The general approach for using the Import-Export APIs for HDFS Paths remain the same. There are minor variations caused how HDFS paths are handled within Atlas.
Unlike HIVE entities, HDFS entities within Atlas are created manually using the Create Entity link within the Atlas Web UI.

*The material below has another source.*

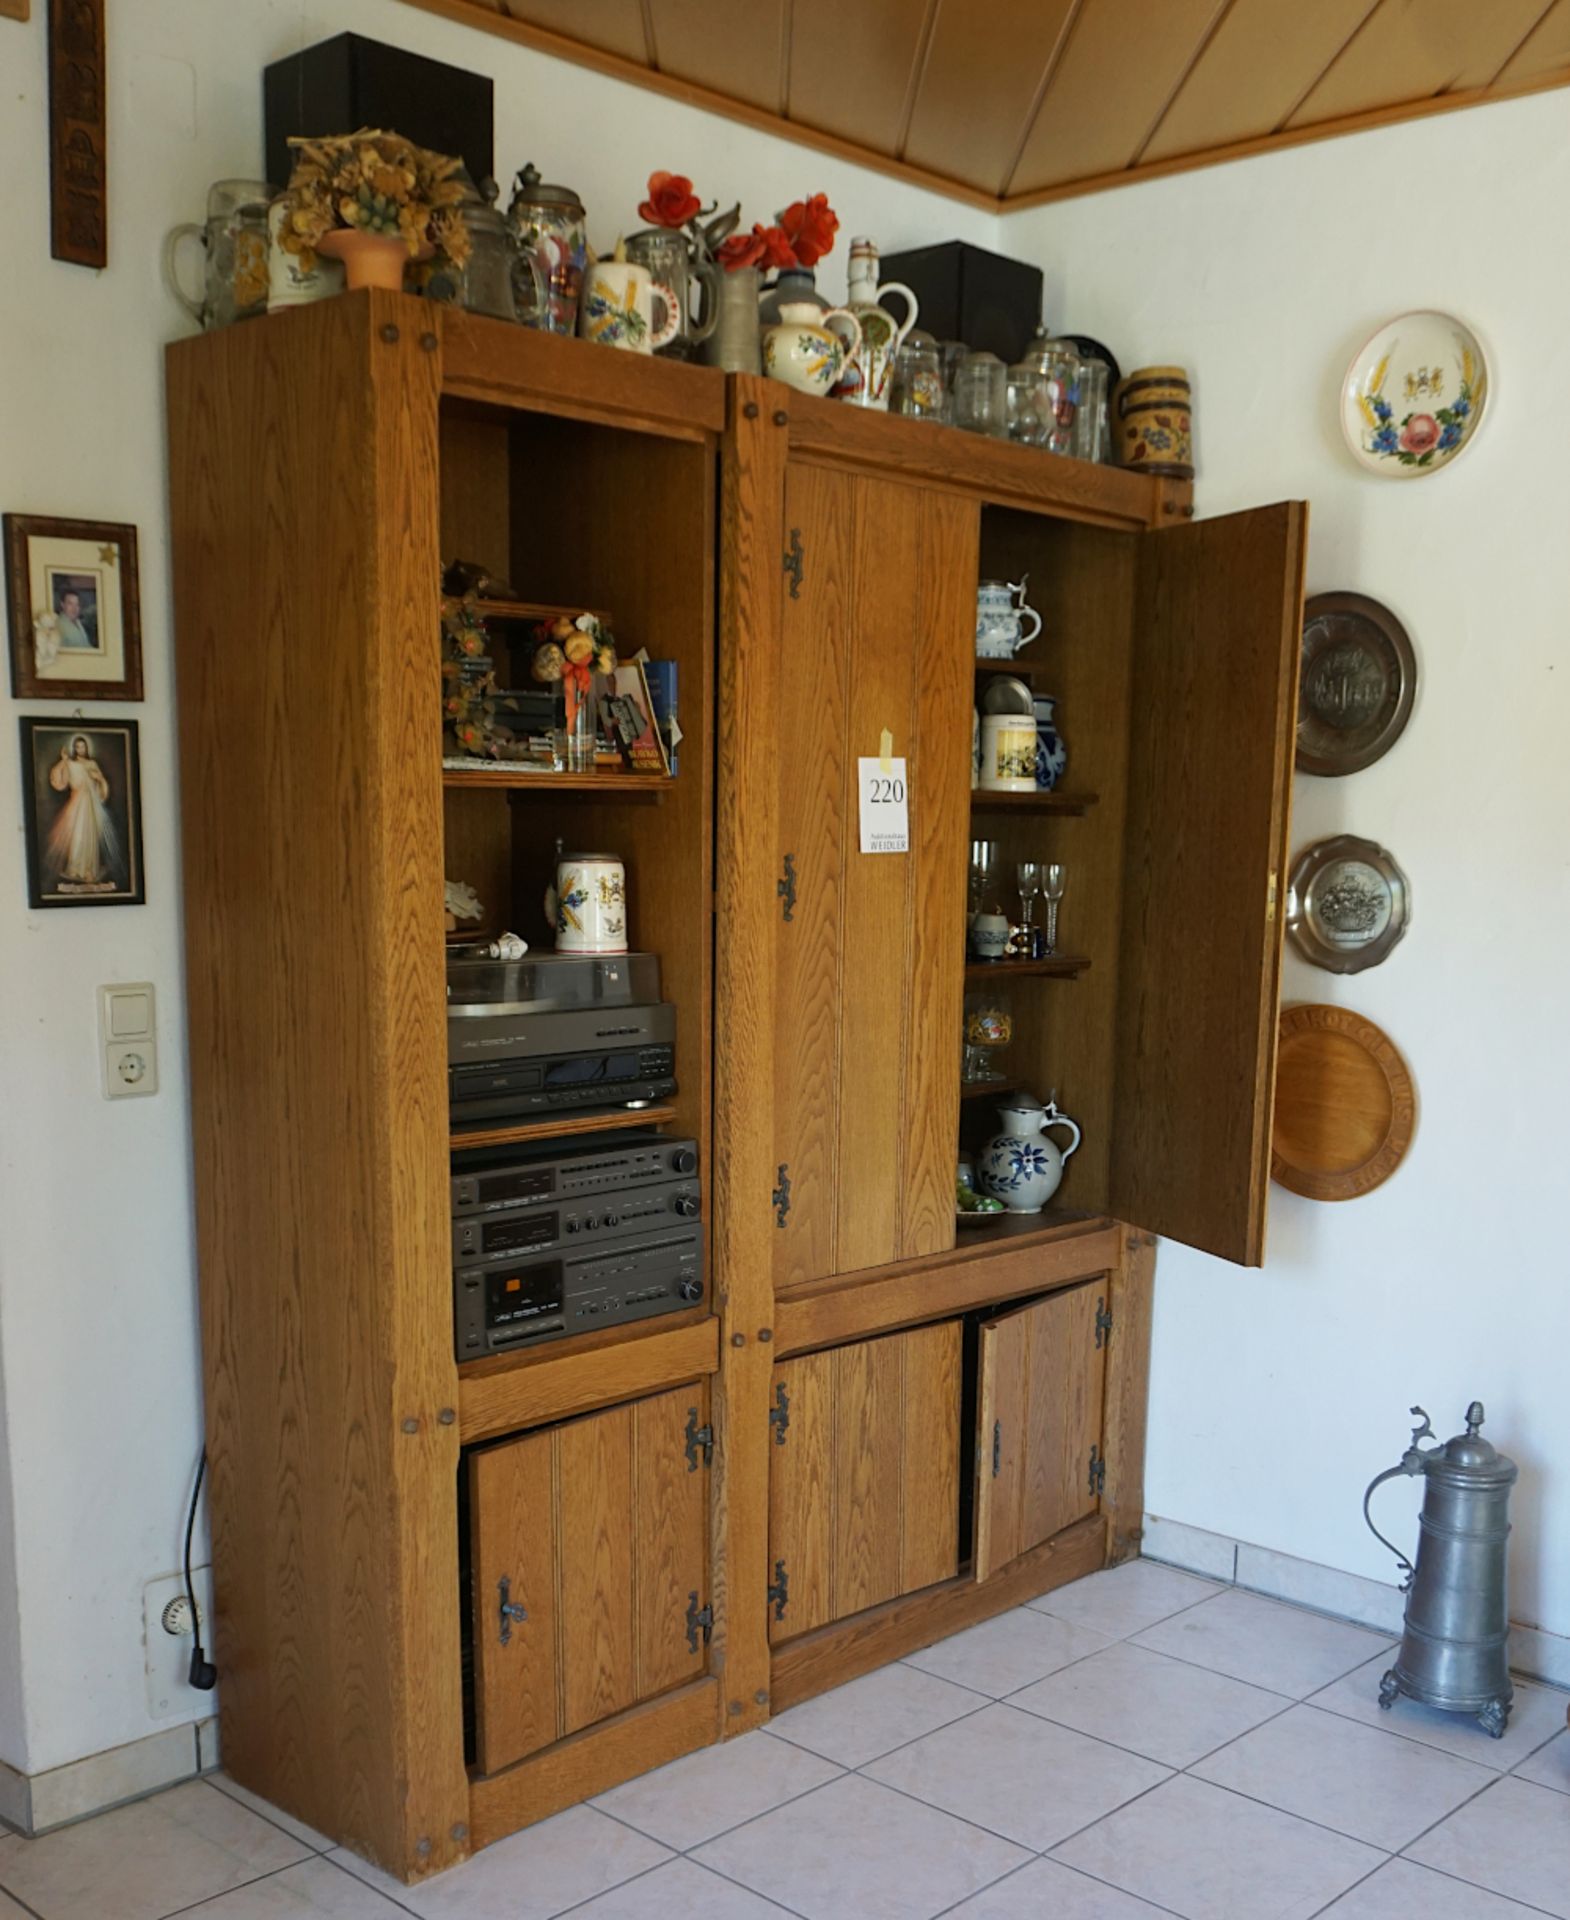 Einrichtung eines Wohnzimmer: Ledercouch, Tisch, Eichenschrankwand, ca. 194x168x45 cm,

Also, HDFS paths tend to be hierarchical, in the sense that users tend to model the same HDFS storage structure within Atlas.
Sample HDFS Setup
HDFS Path | Atlas Entity |
---|---|
/apps/warehouse/finance | Entity type: hdfs_path Name: Finance QualifiedName: FinanceAll |
/apps/warehouse/finance/accounts-receivable | Entity type: hdfs_path Name: FinanceReceivable QualifiedName: FinanceReceivable Path: /apps/warehouse/finance | /apps/warehouse/finance/accounts-payable | Entity type: hdfs_path Name: Finance-Payable QualifiedName: FinancePayable Path: /apps/warehouse/finance/accounts-payable | /apps/warehouse/finance/billing | Entity type: hdfs_path Name: FinanceBilling QualifiedName: FinanceBilling Path: /apps/warehouse/finance/billing |
To export entities that represent HDFS path, use the Export API using the matchType option. Details can be found here.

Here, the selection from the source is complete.